▶ Given data
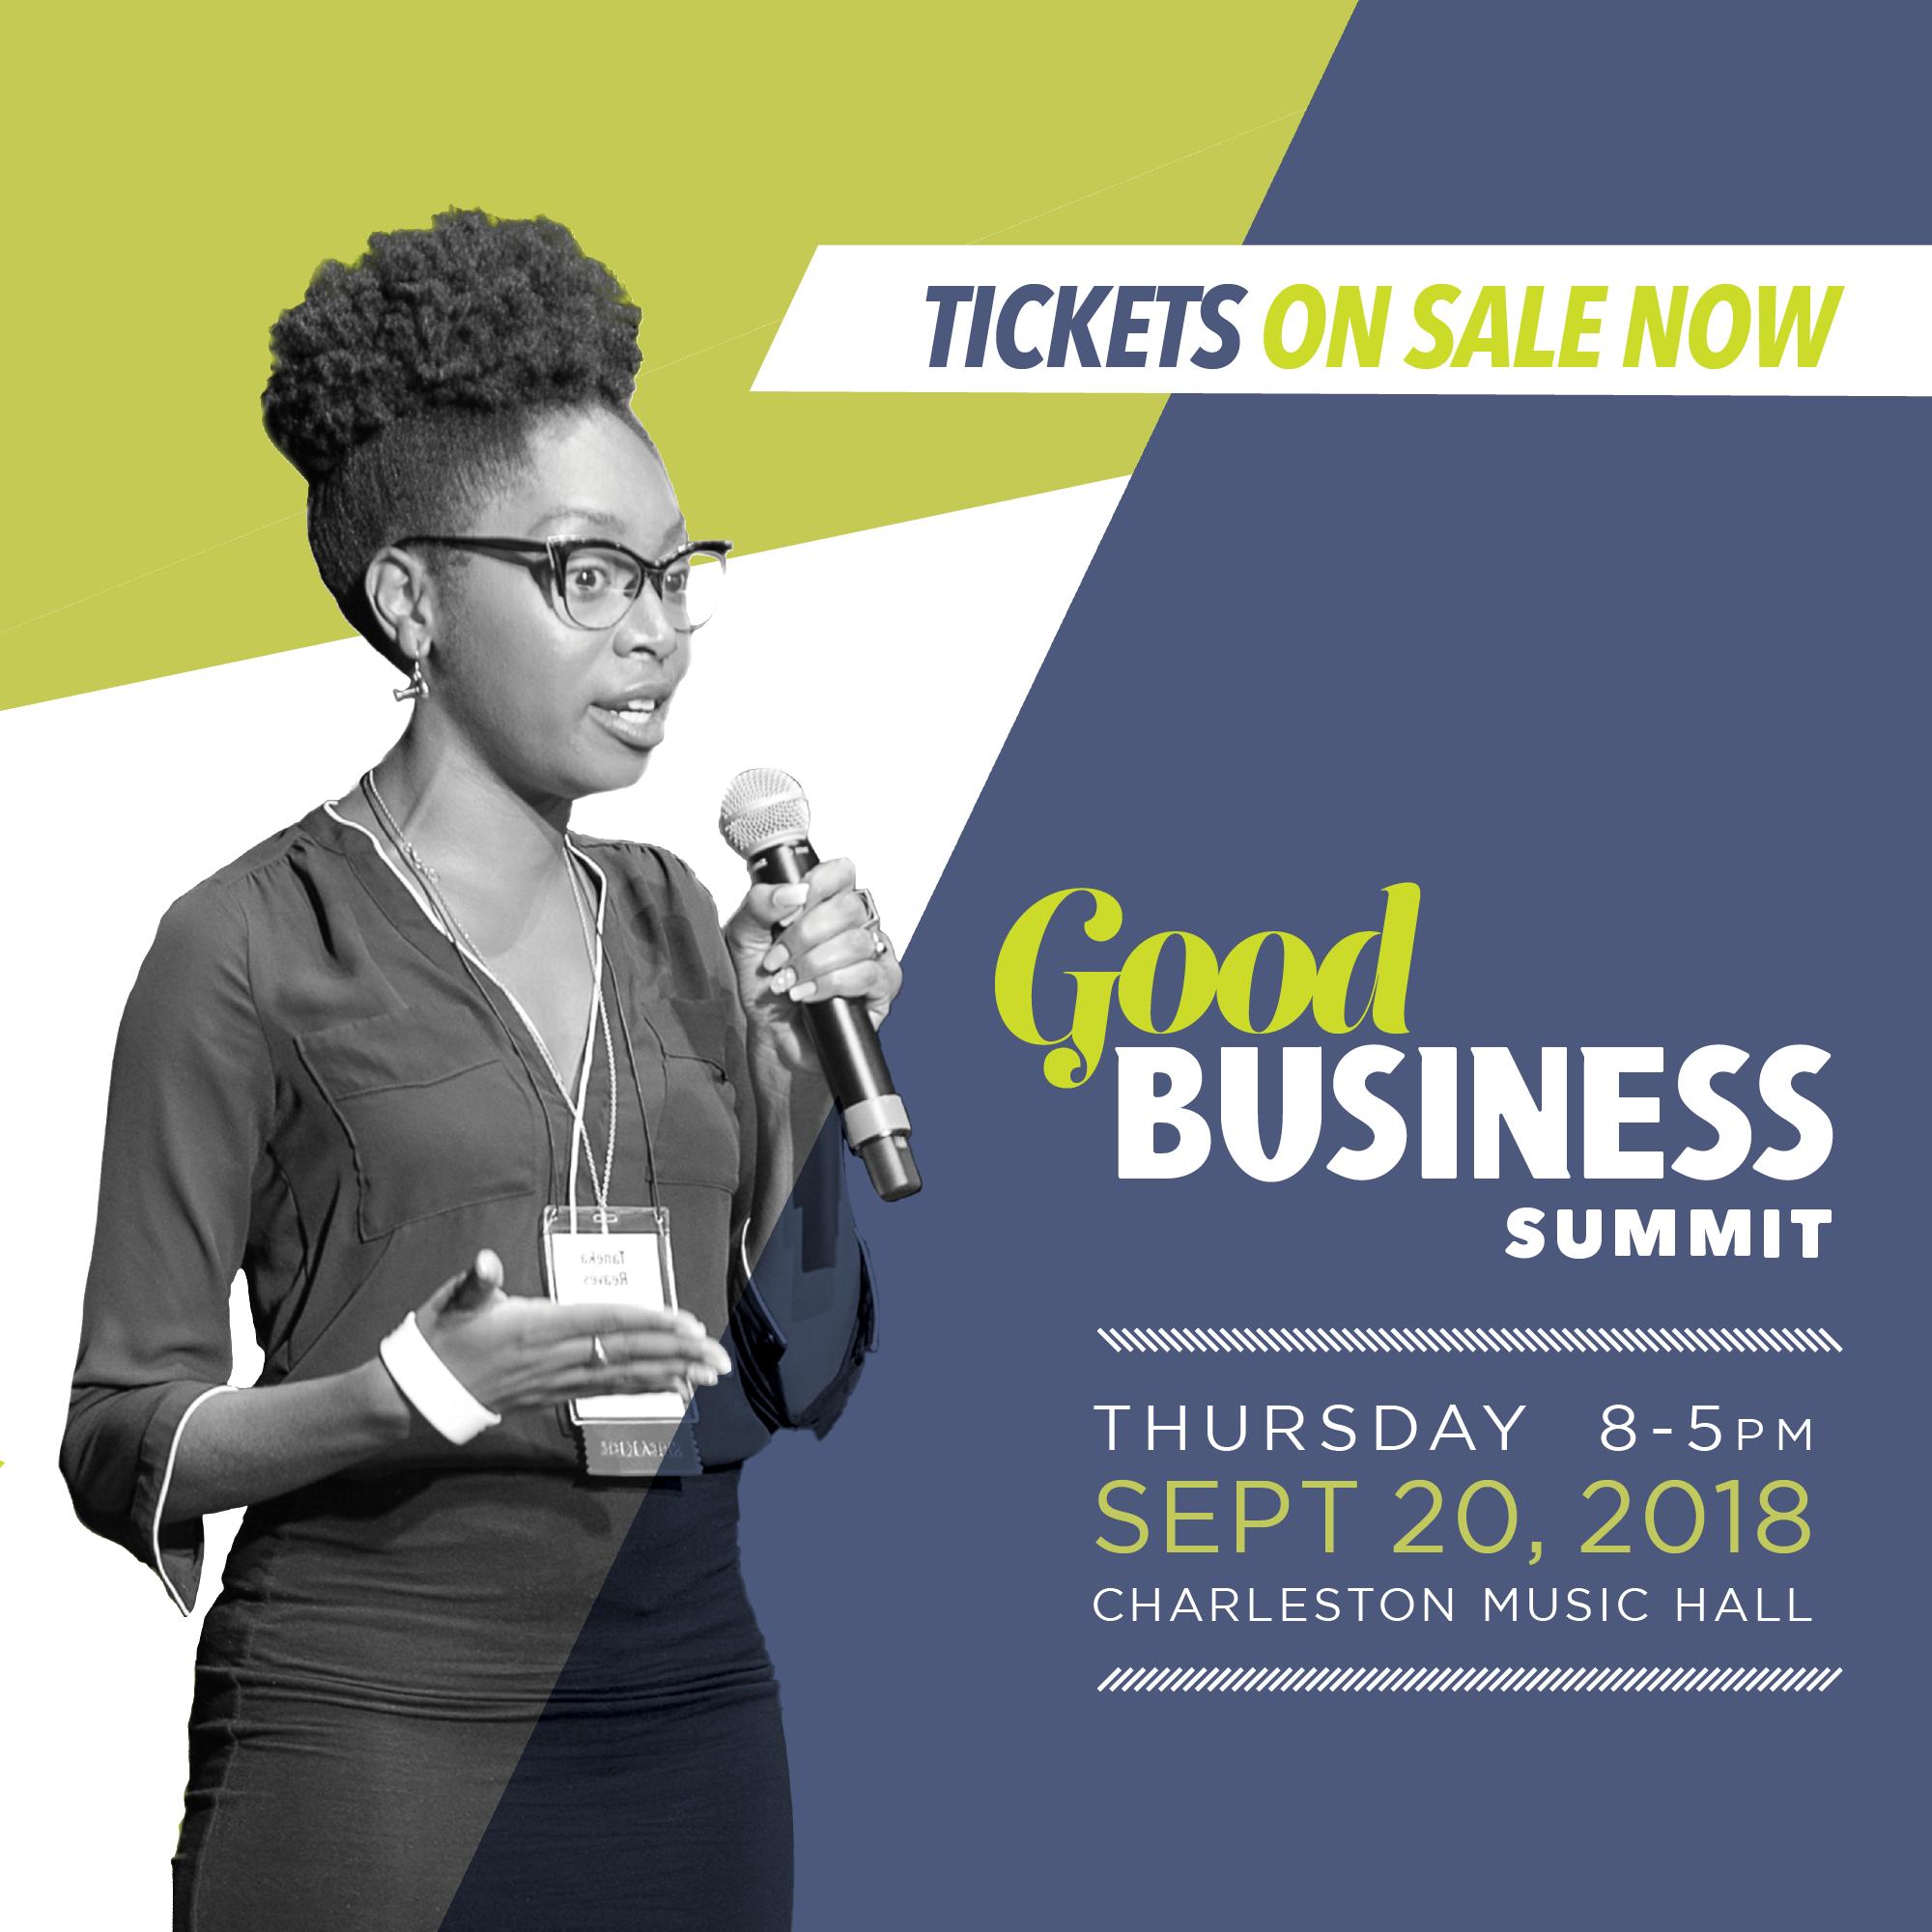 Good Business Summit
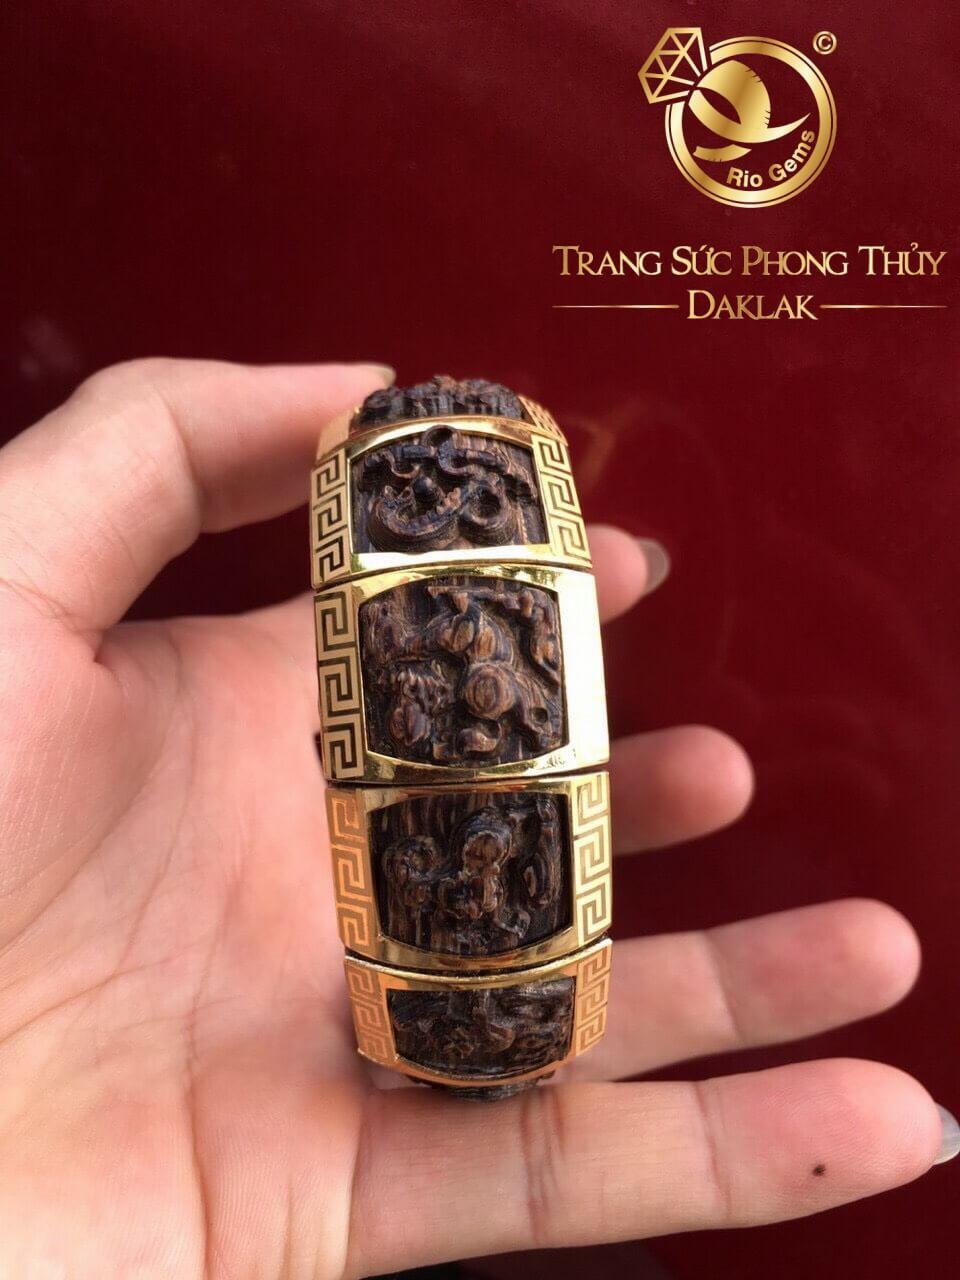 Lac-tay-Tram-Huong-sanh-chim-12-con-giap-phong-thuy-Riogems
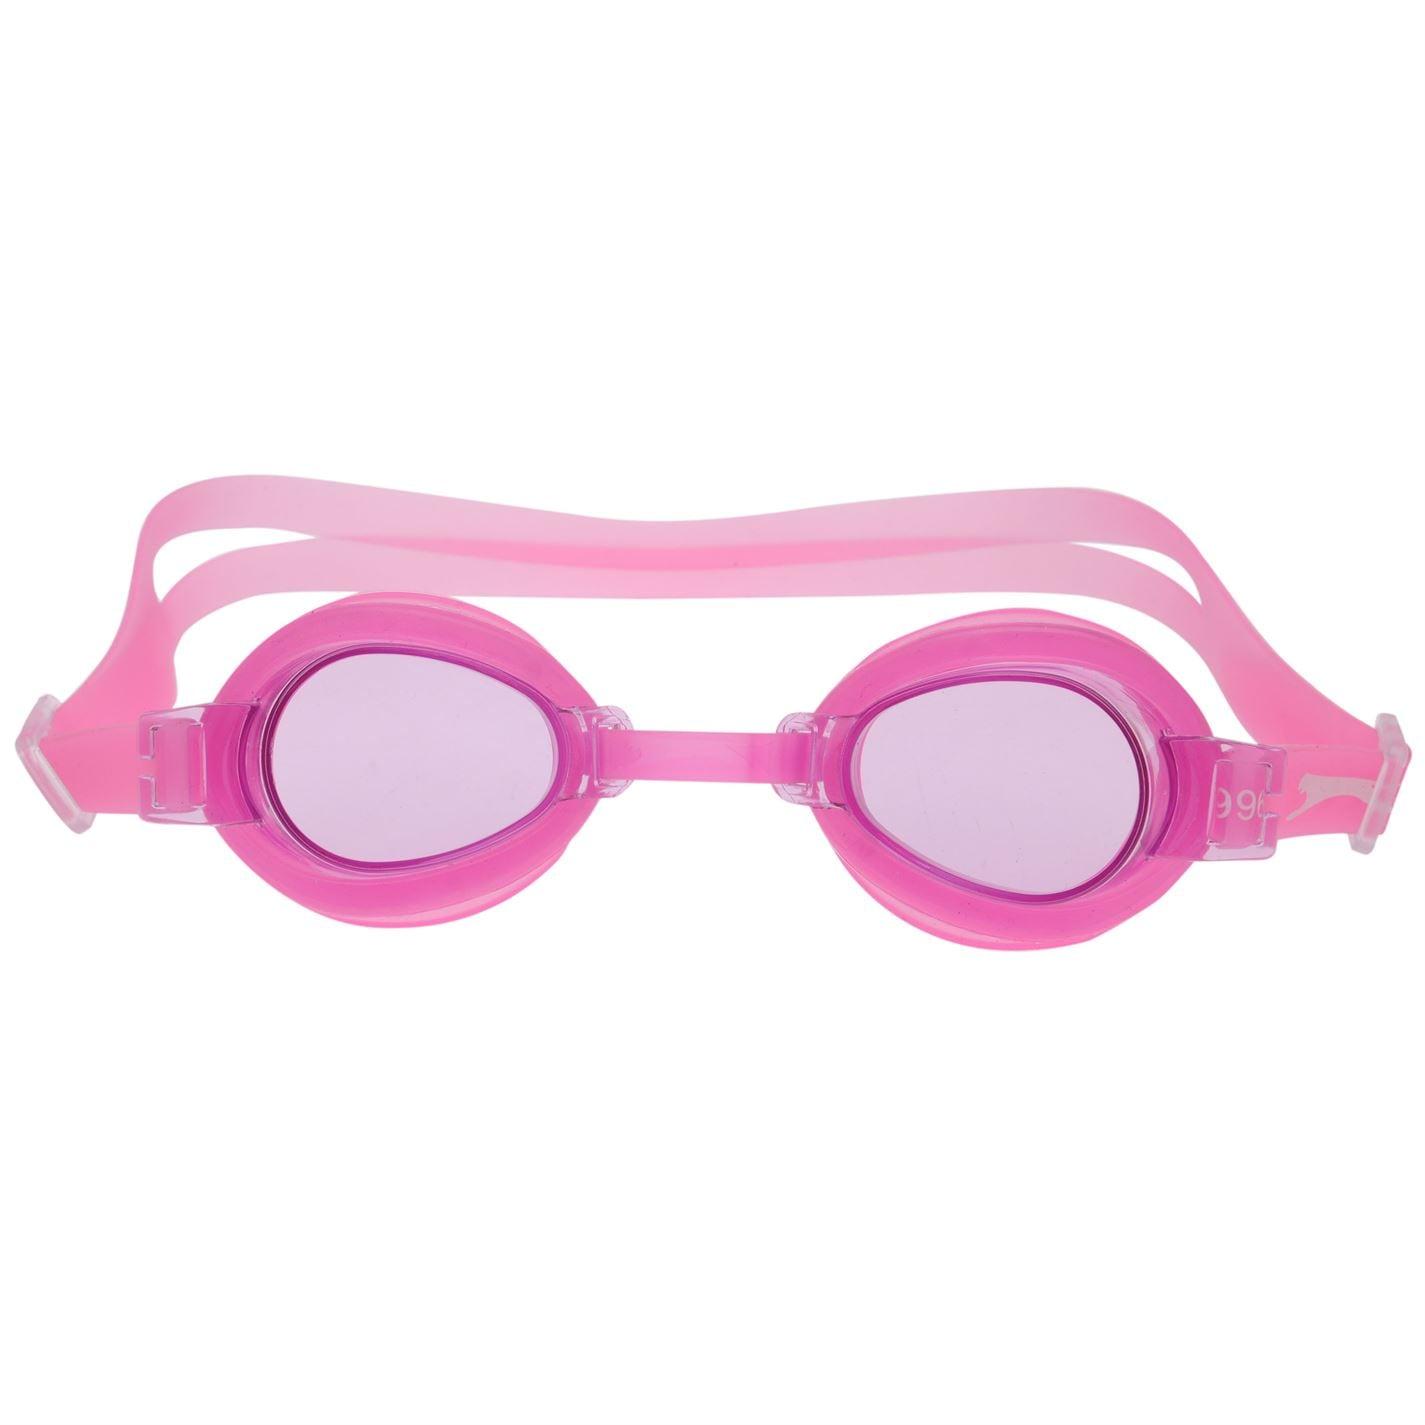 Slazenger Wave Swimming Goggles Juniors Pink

▶ Exercise instructions
The whole listing above, minus its pictures, is what you should write out word for word.

▶ Written reply
 Good Business Summit
 Lac-tay-Tram-Huong-sanh-chim-12-con-giap-phong-thuy-Riogems
 Slazenger Wave Swimming Goggles Juniors Pink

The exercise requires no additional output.